When a new point must be classified or predicted, the algorithm compares it with previously seen examples, finds the most relevant neighbours, and uses them to produce the answer.

Instance-based Learning covers three linked ideas:

  • $k$-Nearest Neighbour (KNN) learning
  • Locally Weighted Regression (LWR)
  • Radial Basis Functions (RBF)

Key takeaway: Instance-based learning is a lazy learning approach. Training is usually cheap because we mainly store the data. Prediction is more expensive because the algorithm must search for similar records at query time. The most important ideas for exams are: choosing a good distance measure, choosing $k$, understanding weighted neighbours, and knowing why nearby data should matter more than faraway data.


Model-Based vs Instance-Based #

Model-based methods try to learn a compact predictive model during training. Examples include Linear Regression, Logistic Regression, and Decision Trees. Instance-based learning keeps the training data instead, postponing most computation until prediction time.
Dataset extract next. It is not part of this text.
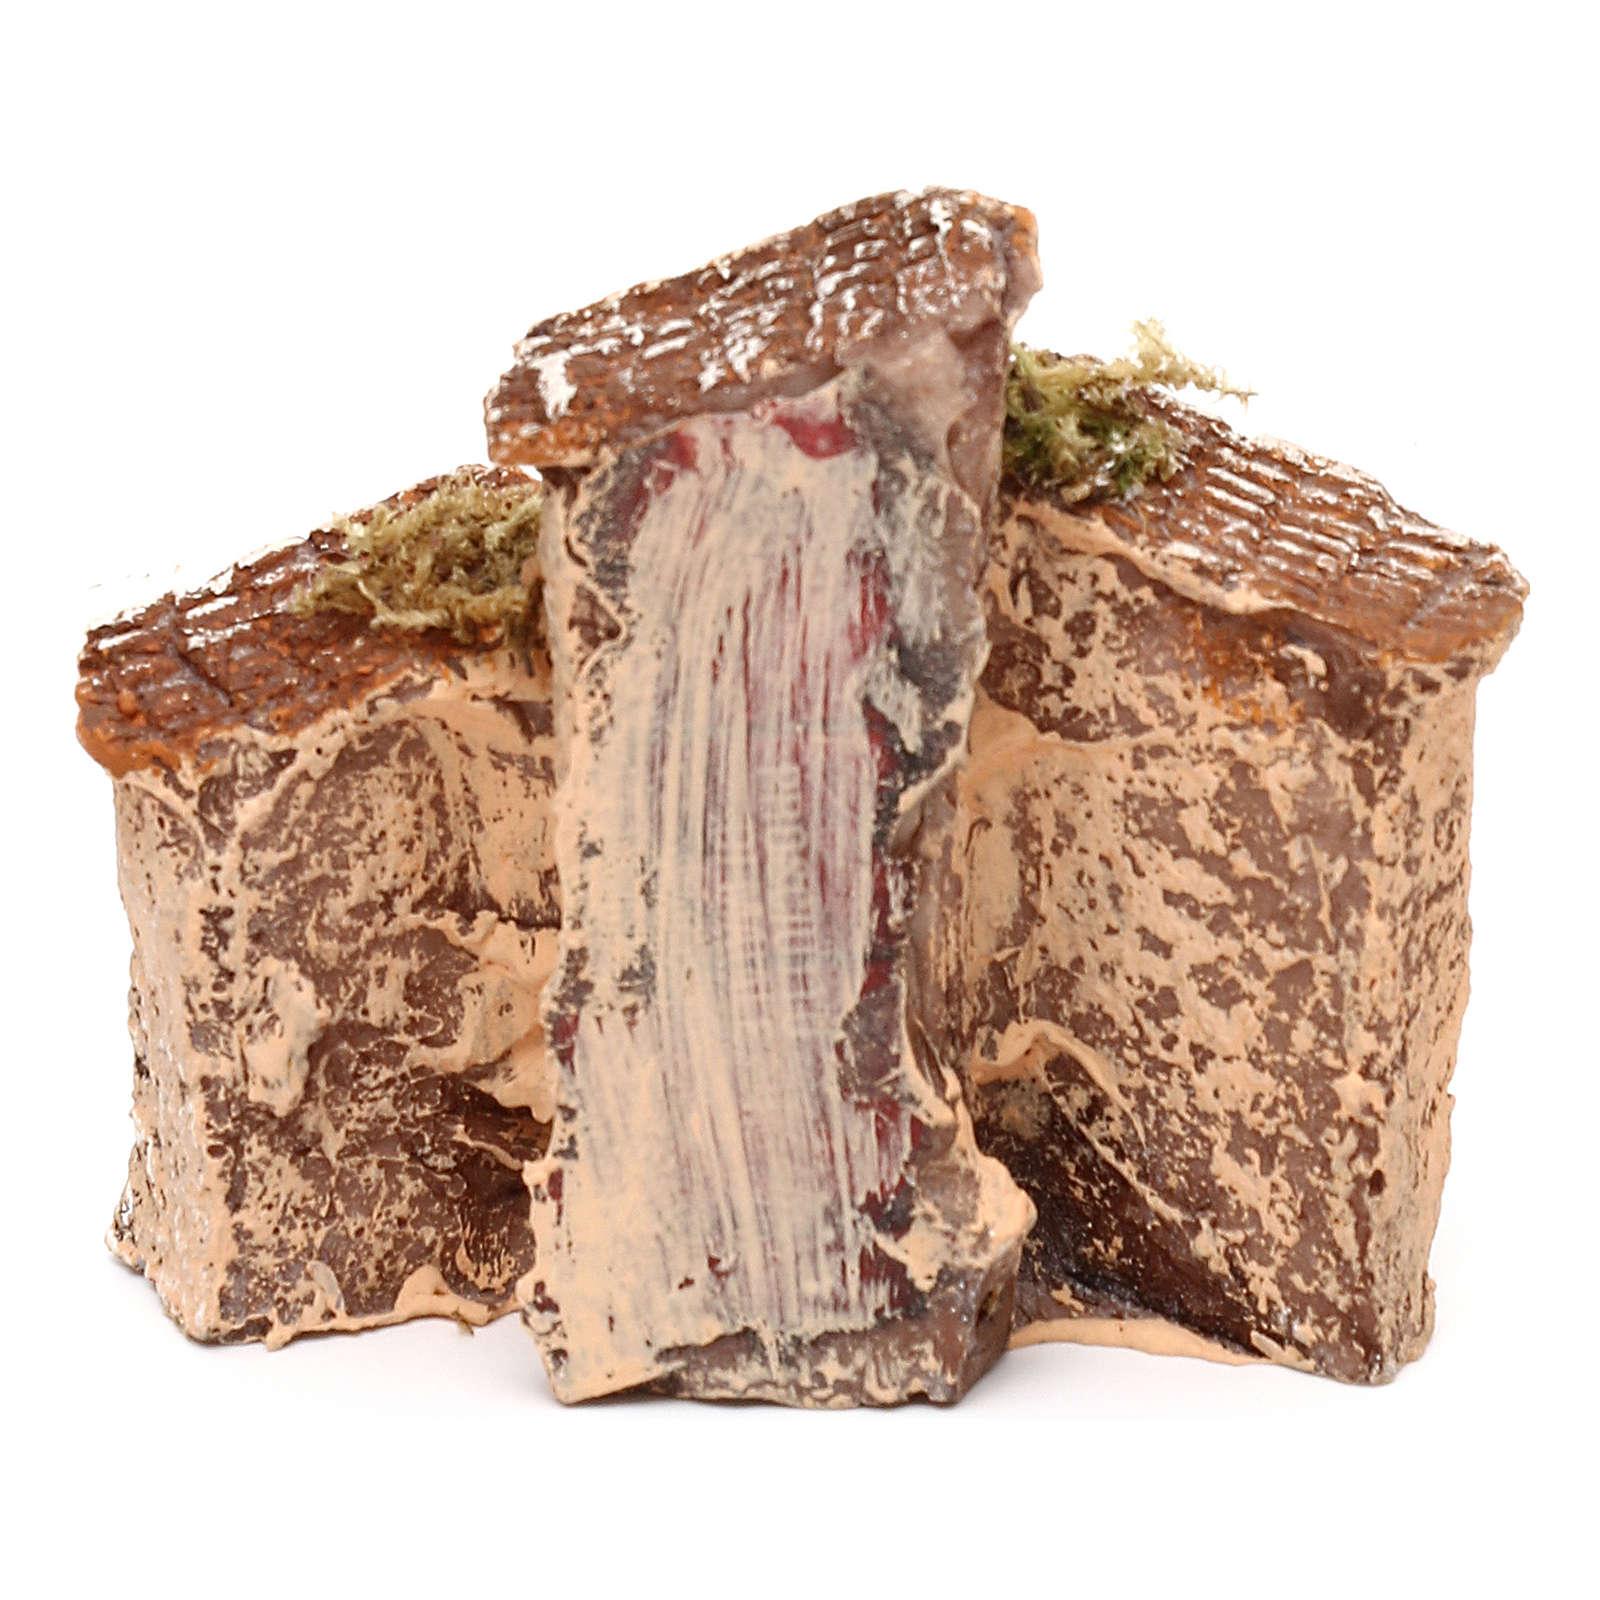 Casita de resina con torre 5x5x5 cm belén napolitano 3-4 cm 4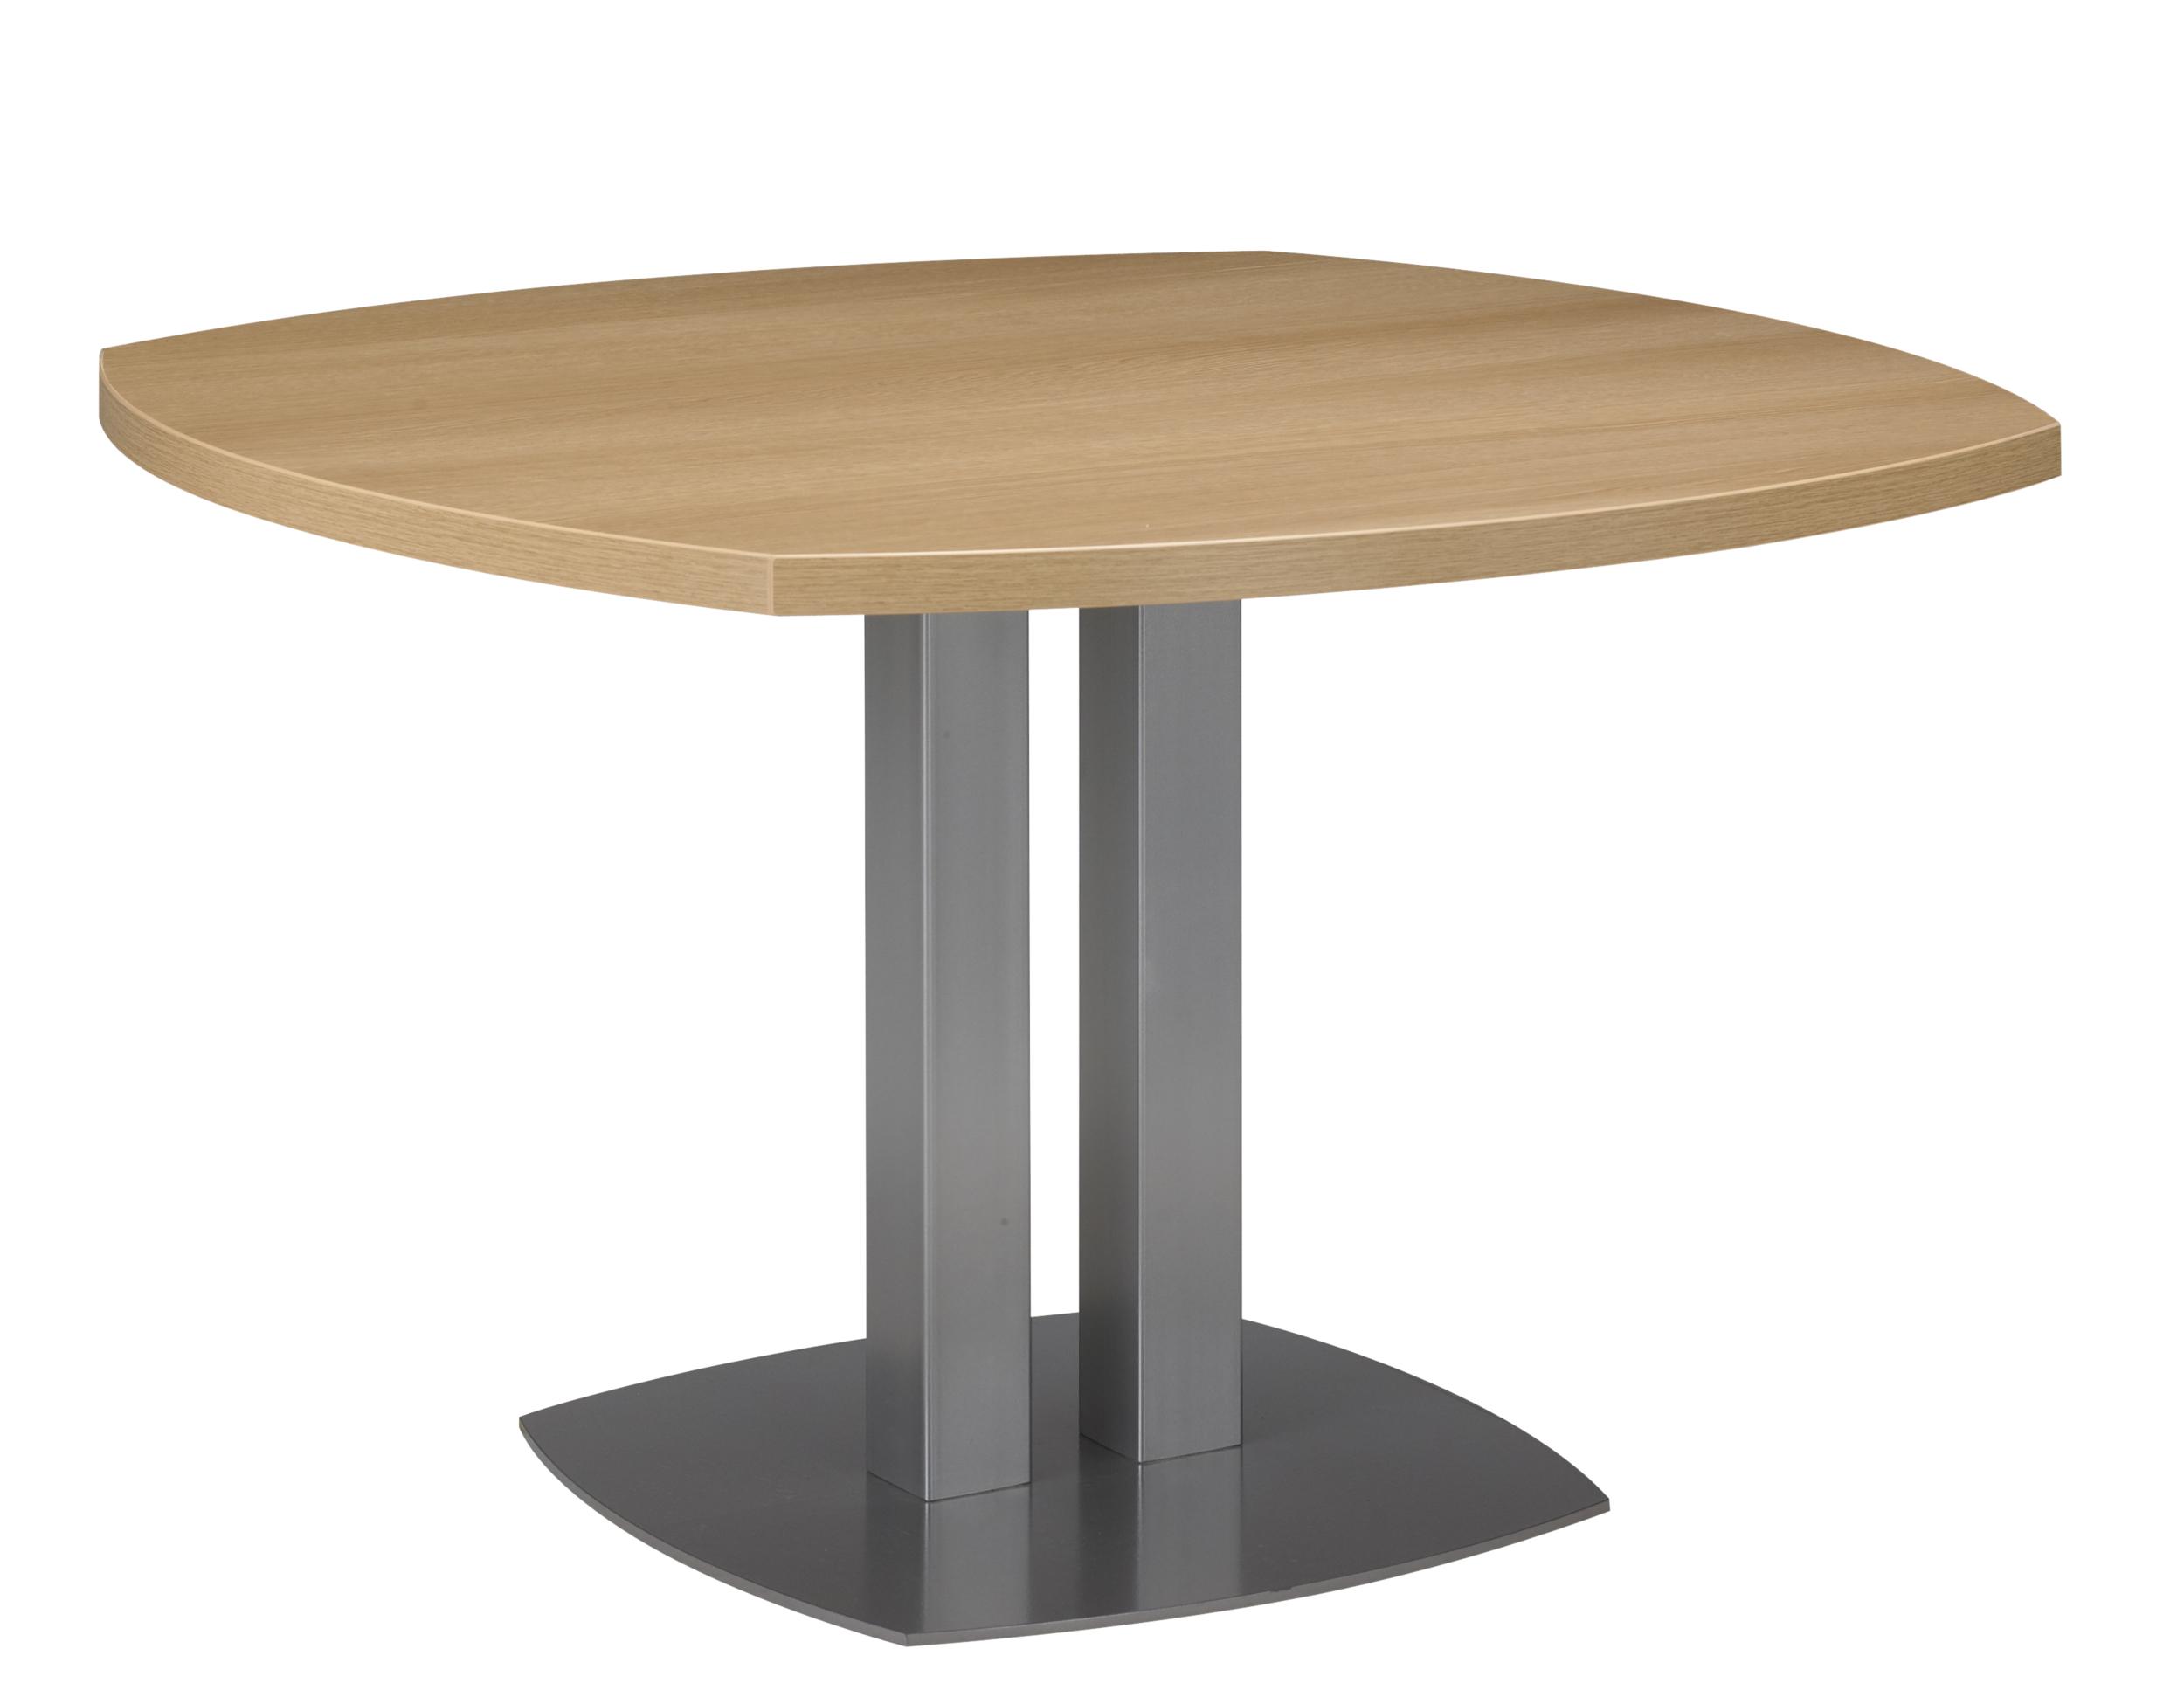 SLIVER CHÊNE TABLE COURBÉE PIED MÉTAL GRIS

FeatureInstance-Based LearningModel-Based Learning
ApproachMemorises examplesLearns general patterns/rules
Training TimeMinimal (just stores data)Can be long (building the model)
Prediction TimeSlow (searches all data)Fast (uses a pre-built formula)
StorageHigh (must keep all data)Low (only stores the model)
AdaptabilityAdapts instantly to new dataRequires retraining to update
graph LR
    IBL[Instance-Based Learning]
    IBL --> Numeric[Numerical / Distance-Based]
    IBL --> Symbolic[Symbolic / Reasoning-Based]
    IBL --> Density[Density / Distribution-Based]
    Numeric --> KNN[k-Nearest Neighbours]
    Numeric --> LWR[Locally Weighted Regression]
    Numeric --> RBF[Radial Basis Functions]
    Numeric --> LVQ[Learning Vector Quantization]
    Symbolic --> CBR[Case-Based Reasoning]
    Density --> KDE[Kernel Density Estimation]
    Density --> PW[Parzen Windows]
    style IBL fill:#F8D7E8,stroke:#7A6170,stroke-width:3px,color:#2F2F2F
    style Numeric fill:#D8EAFE,stroke:#5E7084,color:#2F2F2F
    style Symbolic fill:#DDF5E4,stroke:#637A68,color:#2F2F2F
    style Density fill:#FFF1C7,stroke:#8A7A54,color:#2F2F2F
    style KNN fill:#E6E0FF,stroke:#6F6690,color:#2F2F2F
    style LWR fill:#D7F3F0,stroke:#5B7D7A,color:#2F2F2F
    style RBF fill:#FFE0CC,stroke:#8B6A58,color:#2F2F2F
    style LVQ fill:#EDE7D9,stroke:#7B7062,color:#2F2F2F
    style CBR fill:#E2F0CB,stroke:#687A55,color:#2F2F2F
    style KDE fill:#FFE5EC,stroke:#8A6570,color:#2F2F2F
    style PW fill:#FDE2E4,stroke:#8A6570,color:#2F2F2F
flowchart LR
  A[Training data] --> B{Learning style}
  B --> C[Model-based learning]
  B --> D[Instance-based learning]
  C --> E[Learn parameters or rules during training]
  C --> F[More training time]
  C --> G[Less prediction time]
  D --> H[Store training instances]
  D --> I[Less training time]
  D --> J[More prediction time]
  style A fill:#FFF1C7,stroke:#8A7A54,color:#2F2F2F
  style B fill:#F8D7E8,stroke:#7A6170,color:#2F2F2F
  style C fill:#D8EAFE,stroke:#5E7084,color:#2F2F2F
  style D fill:#DDF5E4,stroke:#637A68,color:#2F2F2F
  style E fill:#EAF4FF,stroke:#6B7D90,color:#2F2F2F
  style F fill:#EAF4FF,stroke:#6B7D90,color:#2F2F2F
  style G fill:#EAF4FF,stroke:#6B7D90,color:#2F2F2F
  style H fill:#EAF8EE,stroke:#637A68,color:#2F2F2F
  style I fill:#EAF8EE,stroke:#637A68,color:#2F2F2F
  style J fill:#EAF8EE,stroke:#637A68,color:#2F2F2F

Eager Learners vs Lazy Learners #

Model-based methods are often called eager learners — they spend more effort during training and less during prediction.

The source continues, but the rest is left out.